Actually 40% of the people who leave the army after 22 years aged 40 REACH 55. The figure that peg it is then obviously 60%!
 
#11
I remember when I got out that they were reducing the lump sums paid out on retirement. Apparently stats showed that many retirees died not long into retirement and where the many had commuted (?) the majority of their pension this meant millions more were paid out than would have been necessary. I think there will be increased pressure to limit lump sums.
 
#13
I remember receiving a lecture from some Pay & Pensions people. They said that the reason officer's pensions are so good is that, after retiring at 55, 70% do not get to see their 63rd Birthday! It seems that a lifetime of hard drinking, smoking and eating followed by a sudden lack of exercise on retirement are the major factors.
 
#16
Soldier_Why said:
Actually 40% of the people who leave the army after 22 years aged 40 REACH 55. The figure that peg it is then obviously 60%!
I've heard this before, but never actually seen any evidence to back it up and suspect that it's an urban myth. Has anyone got anything at all to go on.

p.s. my old man was a squaddie too (15 yrs in the RHF) and died at 57 (but looked about 70).
 
#17
I was thinking about this the other day.

Remember hearing a few years ago that the average life expectancy of someone who'd completed 22 was 53 years of age, therefore saving HMG a few bob on the full pension gig at 55.

However fairly recently the life expectancy crept passed the magical 55 and what do you know? The pension scheme was changed; coincidence?

Anyway, if I do VEng will it buy me another 2 years when I get out?!??!?
 
#18
There could well be some juice in looking at this from a qualitative research point of view.

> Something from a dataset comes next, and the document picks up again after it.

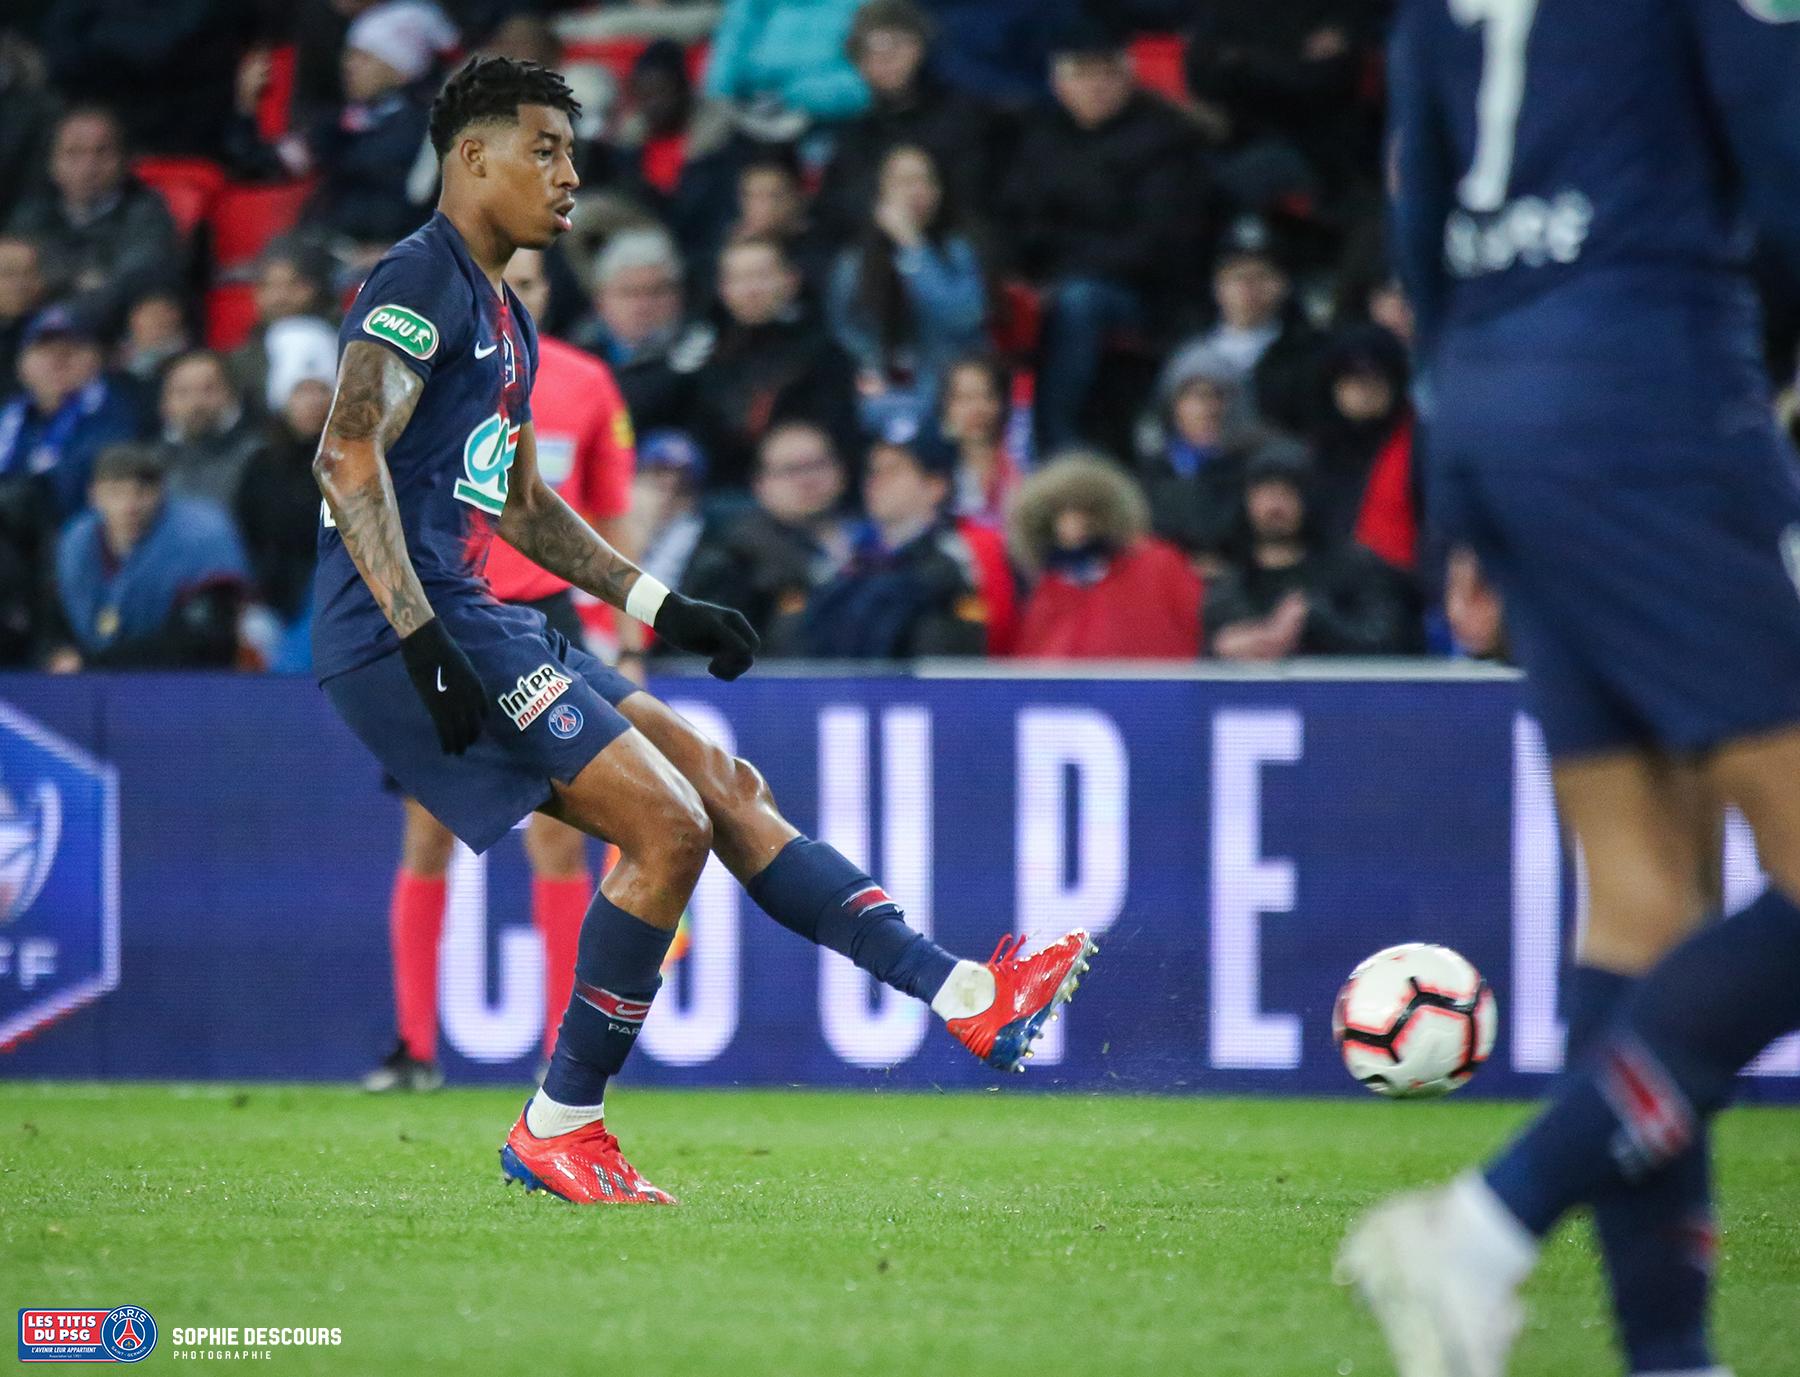 Presnel Kimpembe pendant la demi finale de la coupe de France PSG-FC NANTES

the army as a large organisation with a very close organisational culture (to say the least) is a prime candidate for institutionalization. Obviously those who stay in for the full term are going to be more exposed to this culture, and they have self selected to be in the full term (which means they prefer to be in than out) so, when out these will experience more life difference than those who have only done a few years. this might seem commonsensical, but there has been a fair amount of research on this phenomenon, it is a recognised problem. Suddenly, the old boy is alone, has no routine to follow, gets frowned on for being himself, is acutely aware that actually no one gives a ## about him, starts pining to go back. big, big life stressor.
 
#19
Good post detmold. Sums up why I'll be joining just about every club and group I can when I get out.I reckon that feeling of purpose and belonging will be a big miss. It sounds a bit poxy but not something to be scoffed at.
 
#20
RI... It doesnt sound poxy at all.

My old man was a lifelong soldier. He left the army on compassionate grounds (he was due out to retire soon anyhow), to look after mum in her final days. He lasted a year "out" before he followed her. So he was a lifelong soldier in every meaning of the word.

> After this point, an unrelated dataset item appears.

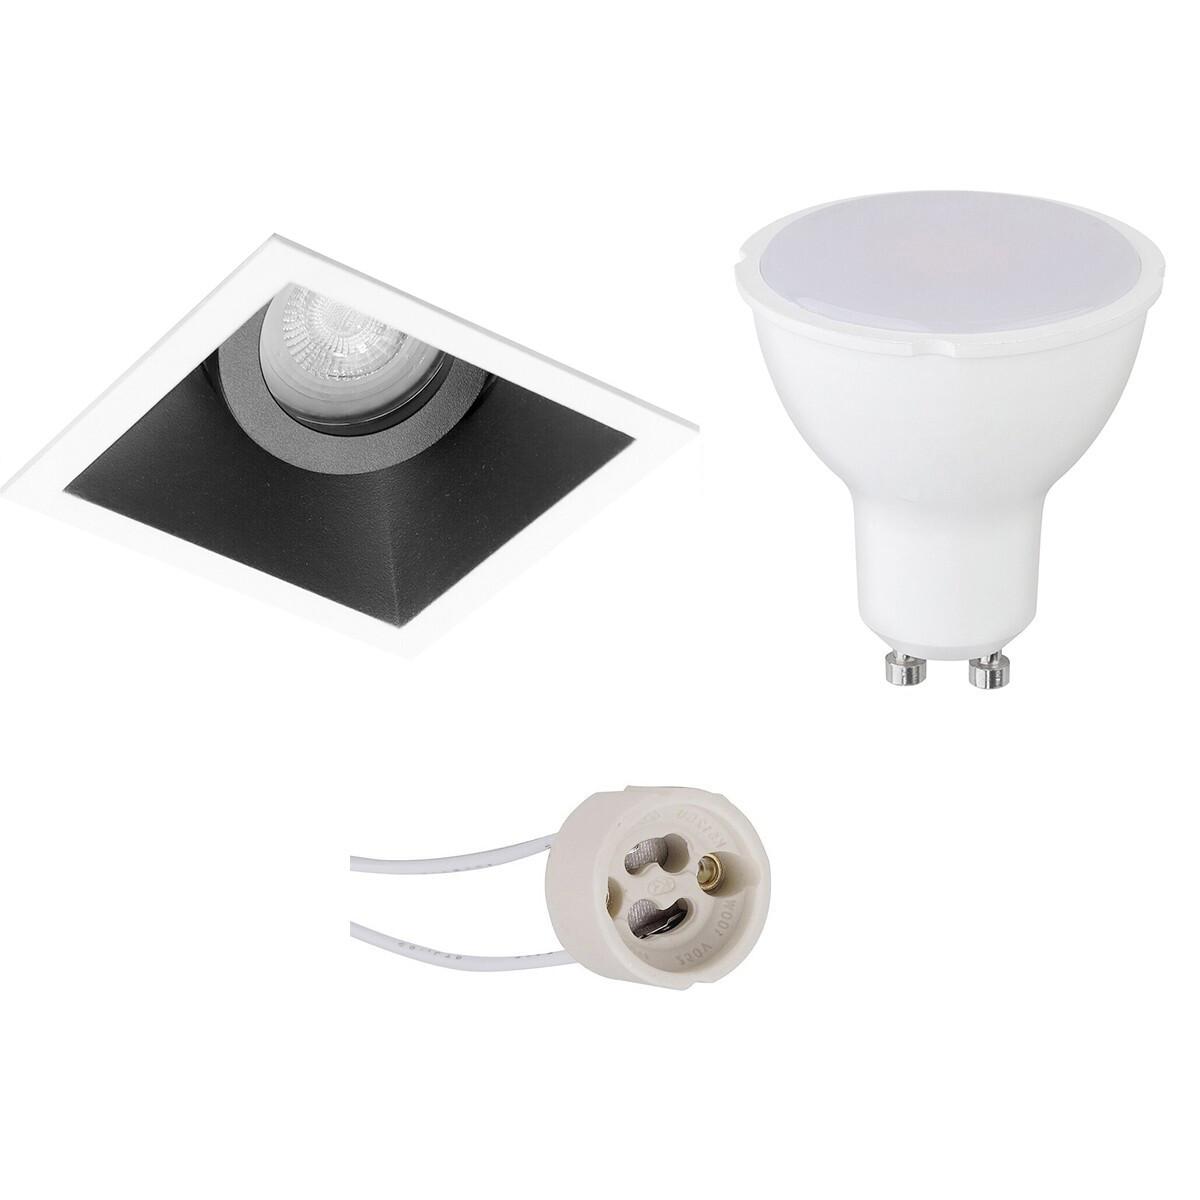 LED Spot Set - Pragmi Zano Pro - GU10 Fitting - Inbouw Vierkant - Mat Zwart/Wit - 6W - Helder/Koud W

This is all very grim.. I dont mean to sound so negative, but I dont want to sound presumptous on here. I have never been in the army (or any of the forces for that matter) Actually, I am the exact opposite. I have been self employed my entire life, basicly have never been employed at all !
What that means (to me at any rate) is there is no meaning to my job. Its just about money, nothing else. I am a skilled craftsman, but if someone paid me a stupid rate to tidy up their garden I would do it. In my world, everyone is out for themselves, no loyalty. Its not personal, its just business (as the mafia say)... I have close personal contacts with traders who I do a large amount of business with..and who I have known 20 years. but I know that they would be in India / China in a heartbeat if they knew and could replicate certain methods/processes that I use.So, everyone in my business life is in it for themselves as well !

What old soldiers need to be aware of is that this is "civistreet". They have lived a life of service, muddling in together to sort stuff out, not poaching points against each other to brown nose certain bosses etc and that this can well be very far from the norm elsewhere.